> On Jan 3, 2020, at 3:45 PM, Philip Prindeville
> <philipp_s...@redfish-solutions.com> wrote:
>
>
>
>> On Jan 2, 2020, at 4:08 PM, Philip Prindeville
>> <philipp_s...@redfish-solutions.com> wrote:
>>
>> I’m getting the following Spam.
>>
>> http://www.redfish-solutions.com/misc/bluechew.eml
>>
>> And this is notable for having:
>>
>> <meta http-equiv="Content-Type" content="text/html;
>> charset=iso-8859-1"><style>
>>
>> GUID1
>> GUID2
>> GUID3
>> GUID4
>> …
>> </style>
>
> One other question that occurs to me: why would we even need <meta
> http-equiv=“Content-Type” …> if we already have a Content-Type: header?
>
> Isn’t that the sign of a broken MUA doing the composition?
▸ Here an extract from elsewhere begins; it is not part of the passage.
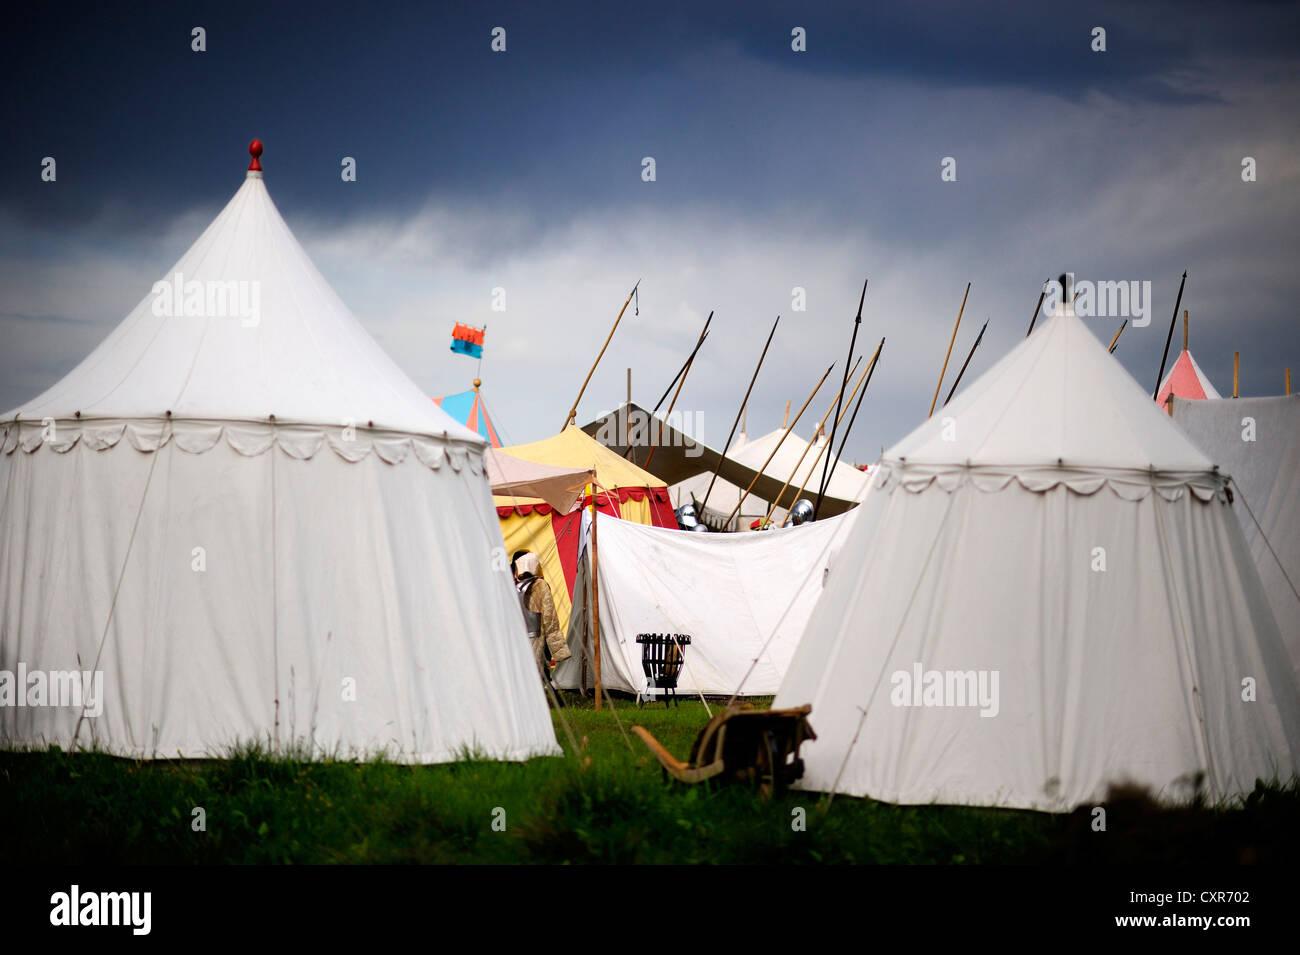 Camp, historical re-enactment, Landsknecht Hurra 2012, Mittelberg, Upper Allgaeu, Swabia, Bavaria, Germany, Europe - Stock Image

Is that on its
> own Spamsign (with all respect to Frank Herbert)?
>
> -Philip
>
With that in mind, I’m trying out:
rawbody __L_UNNEEDED_META_CT /^<meta http-equiv="Content-Type" /m
meta T_BLOCK_MISC47 __L_UNNEEDED_META_CT
describe T_BLOCK_MISC47 Why do this when a Content-Type: header works?
score T_BLOCK_MISC47 20.0
And that seems to work.
I tried:
rawbody __L_STYLE_W_GUIDS
m/<style>\n\n([0-9a-f]{8}-[0-9a-f]{4}-[0-9a-f]{3}-[0-9a-f]{3}-[0-9a-f]{12}\n){10,1000}<\/style>\n/s
and couldn’t get that to match… not sure why. A way to enable dumping what’s
matched the pattern buf would be handy.
But this does match:
rawbody __L_STYLE_W_GUIDS
m/<style>\n\n([0-9a-f]{8}-[0-9a-f]{4}-[0-9a-f]{3}-[0-9a-f]{3}-[0-9a-f]{12}\n){10,1000}/s
so it’s hard to say how much of the message it’s matching up or why. Not sure
if the 2-4KB chunking is coming into play, since this is clearly longer than
that.
Any suggestions for debugging a rule to see what’s matching and what’s failing
to (and maybe why)?
-Philip